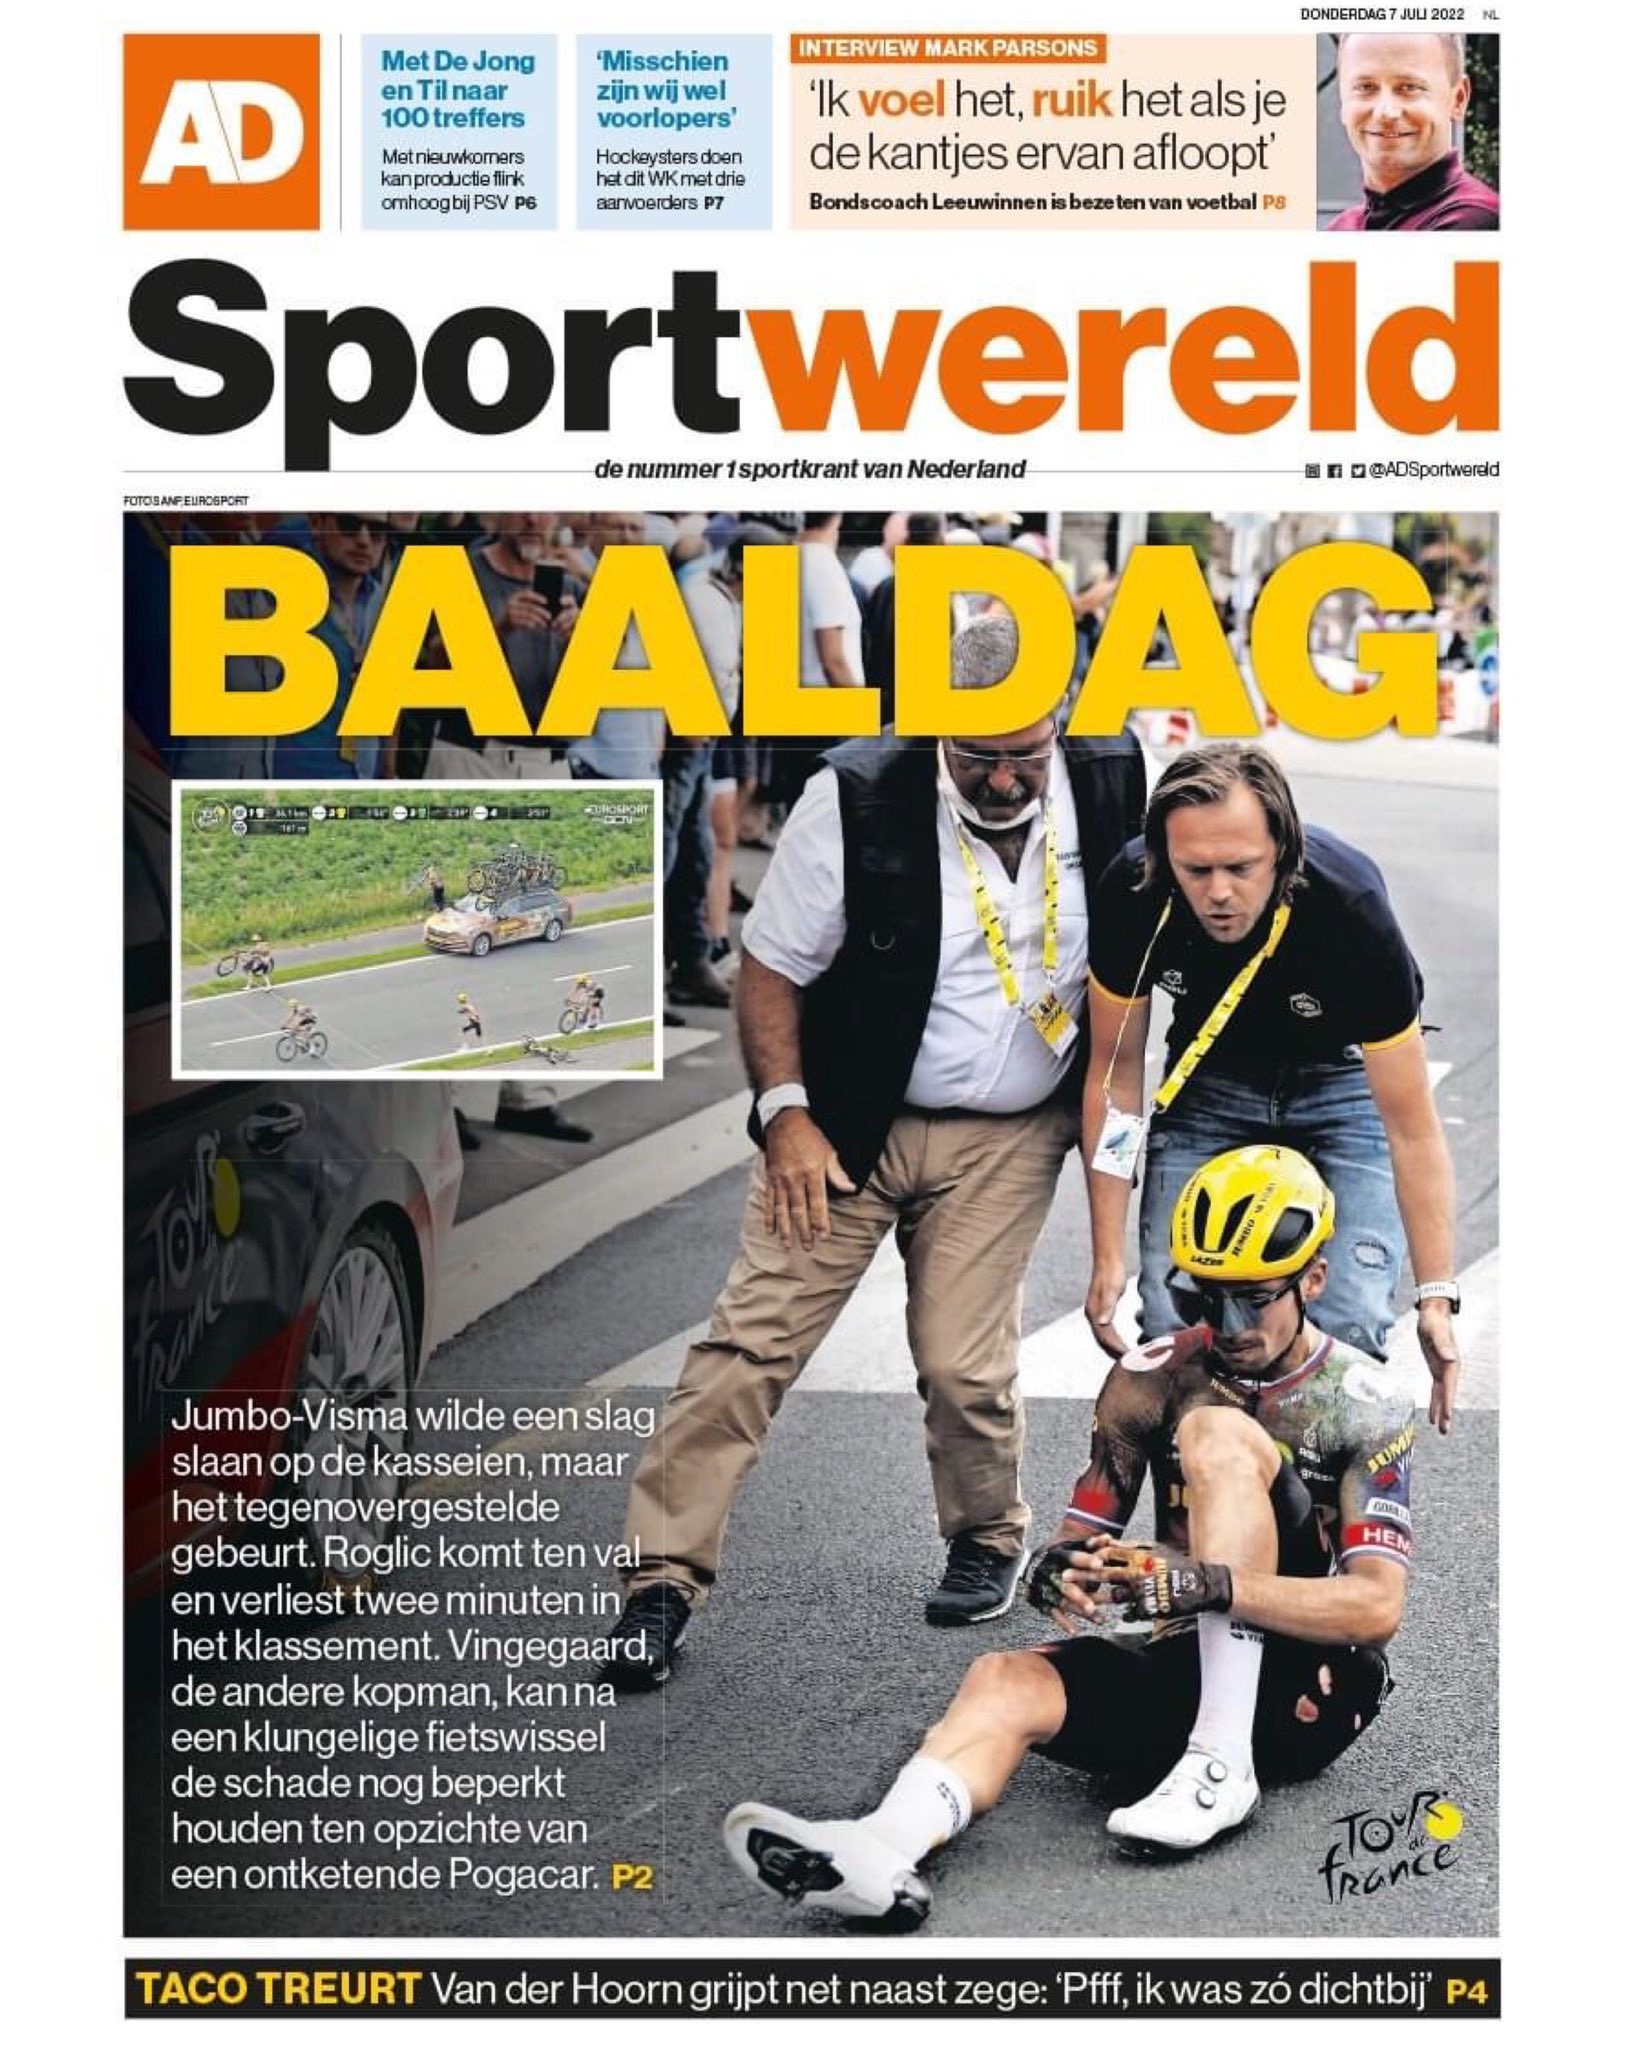 prima pagina sportwereld olanda
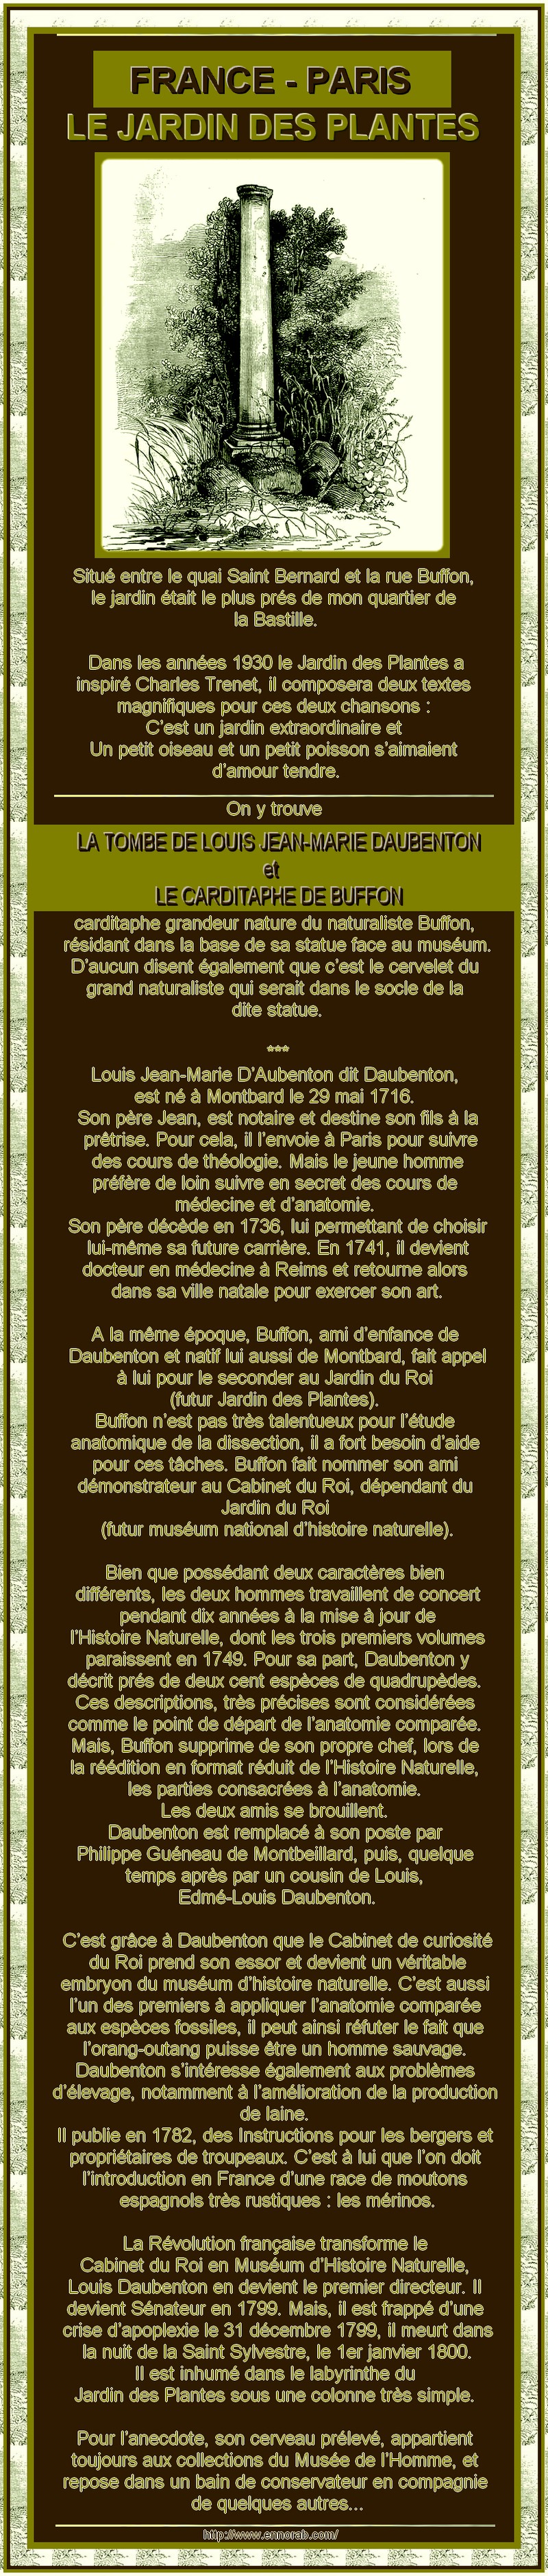 FRANCE - PARIS -JARDIN DES PLANTES - LA TOMBE DE LOUIS JEAN-MARIE DAUBENTON - LE CARDITAPHE DE BUFFON 1201290702201431779364921
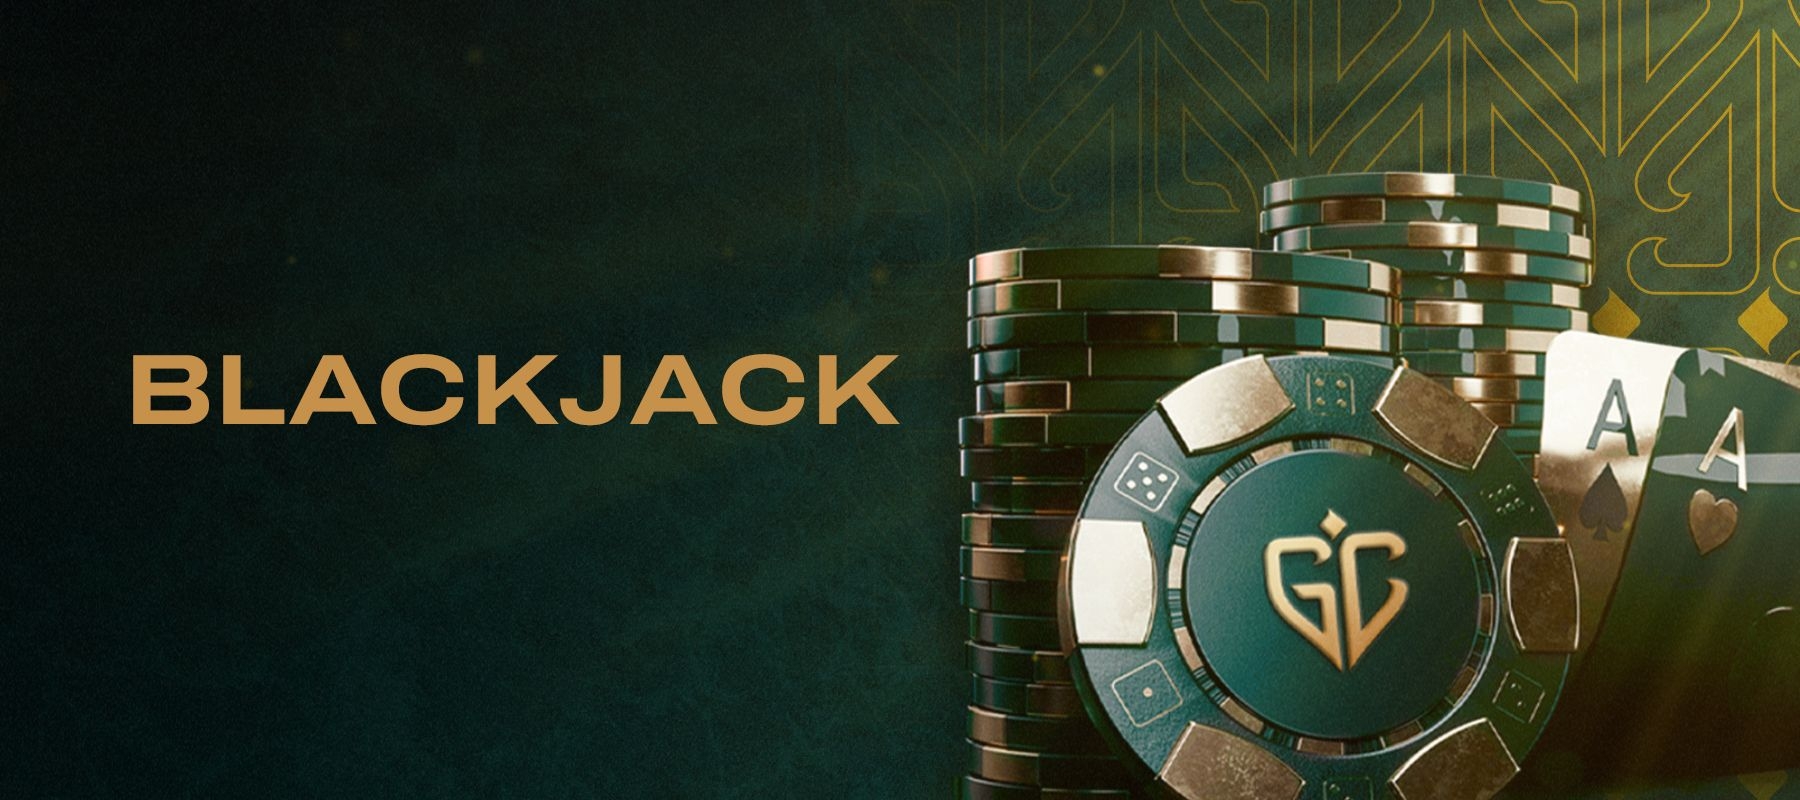 J Co Blackjack Topslotsite Com Gaming

* [PROBLEM REQUIREMENTS] In the printed copy, the material above must appear unchanged and without its pictures.

* [WRITTEN ANSWER]
 prima pagina sportwereld olanda
 FRANCE - PARIS -JARDIN DES PLANTES - LA TOMBE DE LOUIS JEAN-MARIE DAUBENTON - LE CARDITAPHE DE BUFFON 1201290702201431779364921
 J Co Blackjack Topslotsite Com Gaming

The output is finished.